- Born: James Earl Wall December 12, 1917 Wilmington, North Carolina, U.S.
- Died: October 27, 2010 (aged 92) New York City, New York, U.S.
- Education: Alexander Hamilton High School New York University Columbia University
- Occupations: Actor stage manager
- Years active: 1950–2010
- Spouse: Verine Franklin

= James Wall (actor) =

American actor

James Earl Wall (December 12, 1917 – October 27, 2010) was an American stage manager and actor, best known for his longstanding role as Mr. Baxter on Captain Kangaroo.

==Early life and career==
Born in Wilmington, North Carolina, and raised there and in the Bedford-Stuyvesant section of Brooklyn, New York, Wall was the younger of two sons born to Elizabeth Davis and Ballie W. Wall Sr., a barber.

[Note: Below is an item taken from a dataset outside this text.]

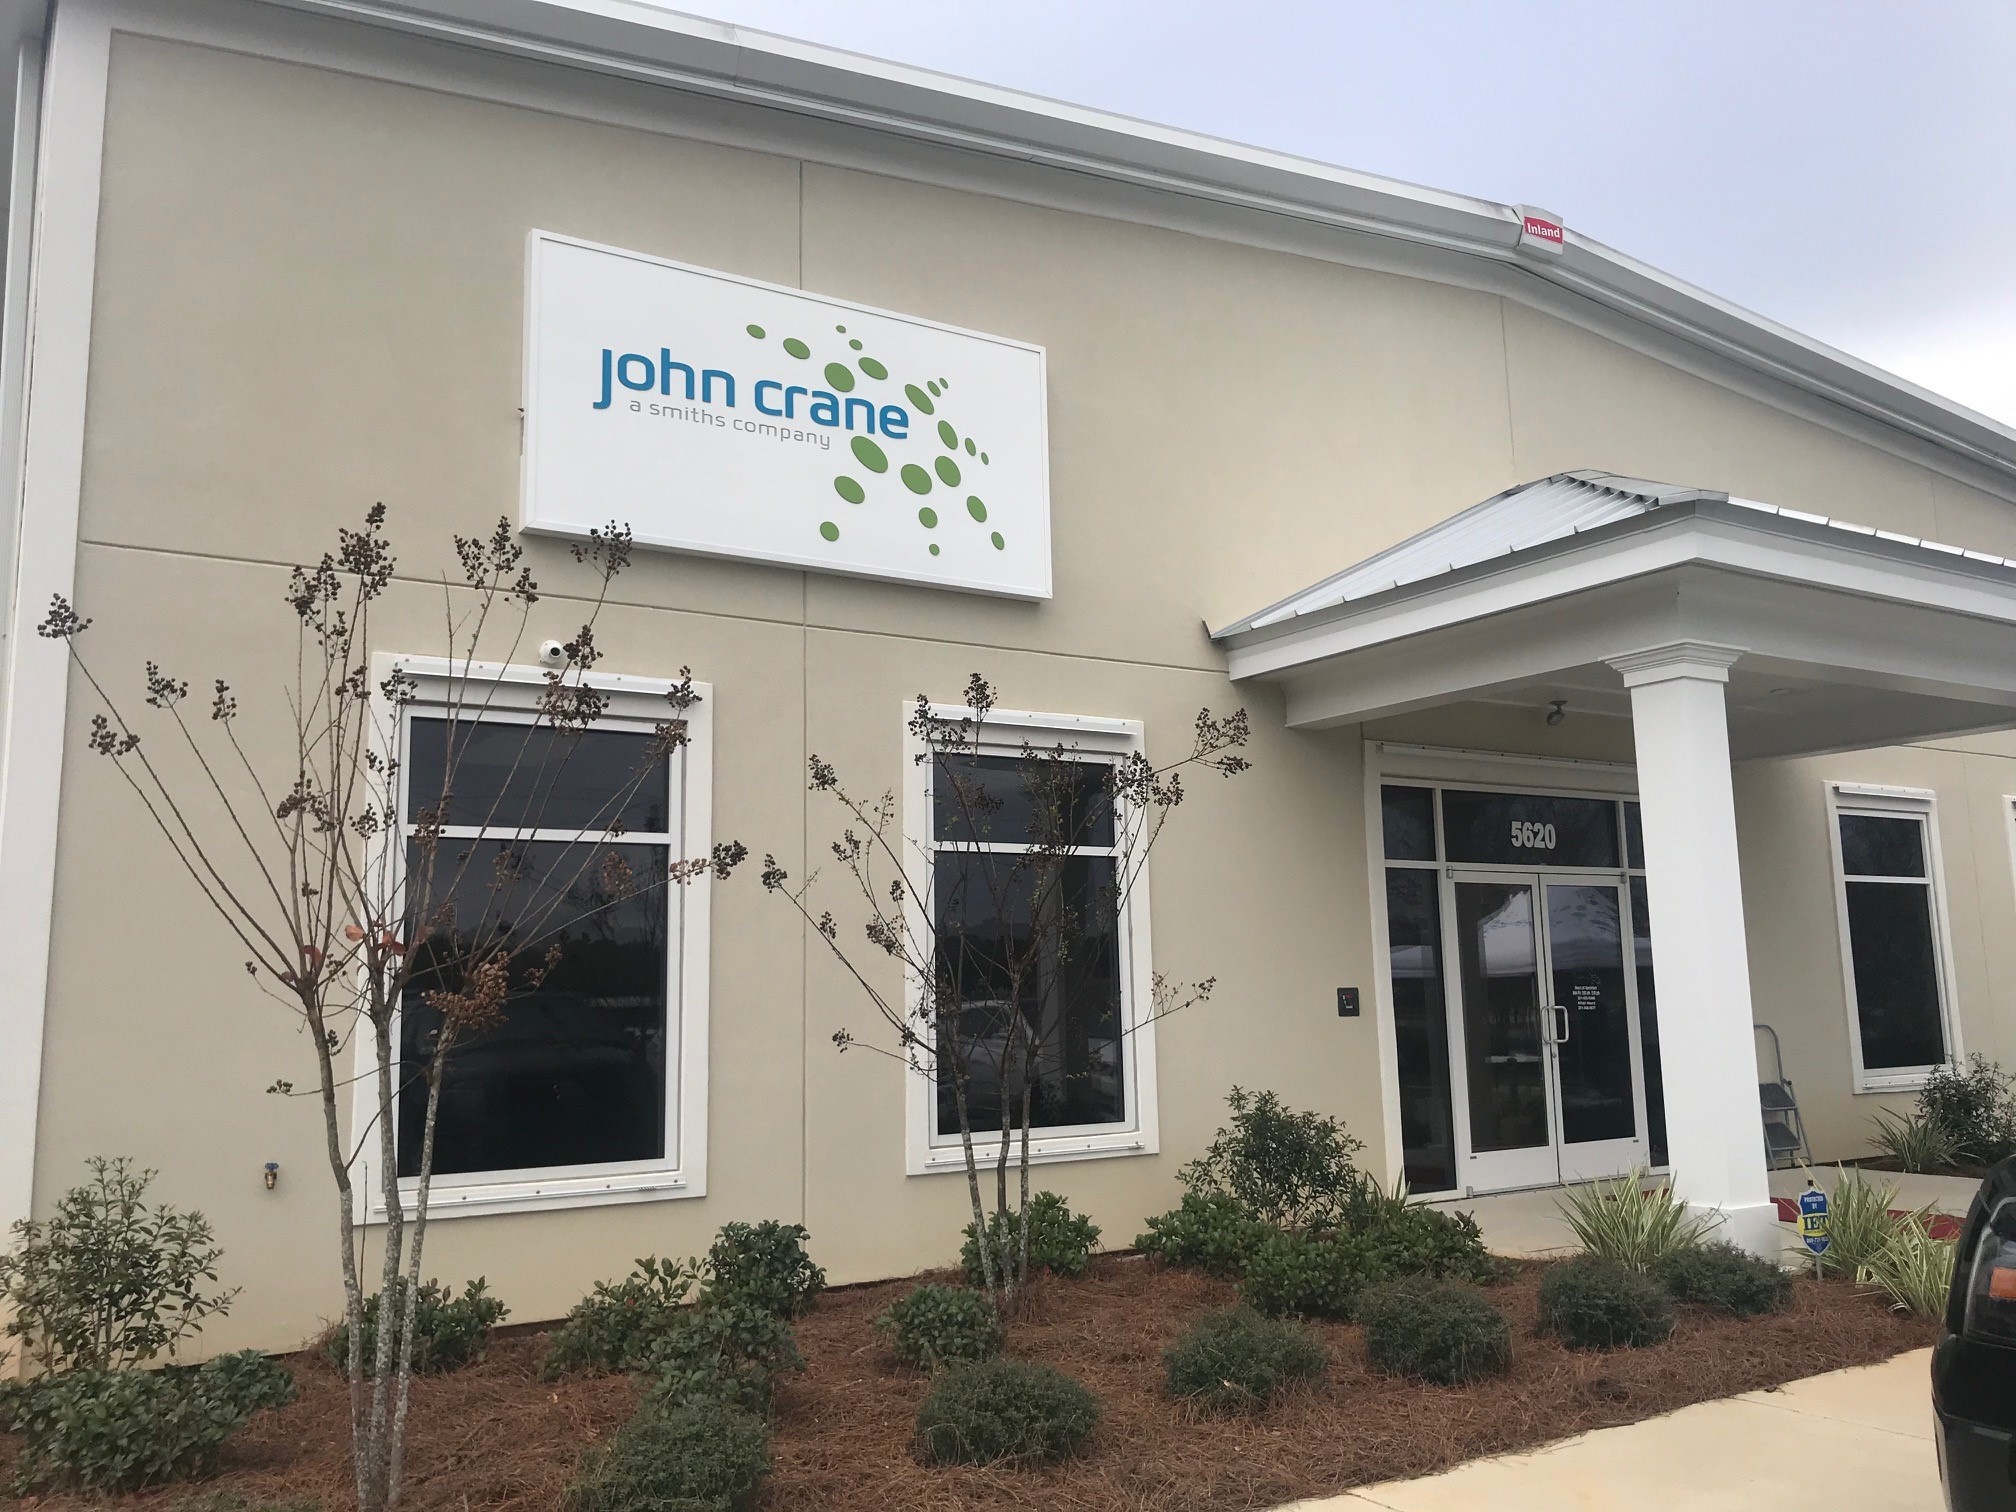 The facade of the new John Crane service centre in Mobile.

He attended Alexander Hamilton High School, NYU, and Columbia University.

A communications major who had mastered French, Spanish, Portuguese, Yiddish, and Russian, Wall later said he first felt the urge to perform while serving in the United States Army during World War II, where he rose to the rank of master sergeant.

Having performed on radio, theater, and in the Army during World War II, Wall worked as both actor and stage manager on Broadway before being hired as the stage manager for the children's television series Captain Kangaroo by CBS in 1962. Two years later, he portrayed a stage manager in "The Lost Lady Blues", the next-to-last episode of the short-lived CBS series, The Reporter. In an interview clip that aired on the October 28, 2010, CBS Evening News, Wall recalled how he made the case to Kangaroos producers for an African-American character. However, he still had to audition for the role which became Mr. Baxter, a teacher and Captain Kangaroo's neighbor. Wall joined the cast in 1968, remaining with the show until 1979; he made a guest appearance in 1981. He was also the stage manager for 41 consecutive years on the US Open Tennis Championships telecasts.

Wall was presented with the Directors Guild of America's Franklin J. Schaffner Achievement Award in 1994. He continued to work for CBS in semi-retirement until 2009.

==Personal life and death==
From at least 1950 through 1958, Wall was married to Verine Franklin.

On October 27, 2010, at age 92, Wall died in his sleep at his Manhattan home.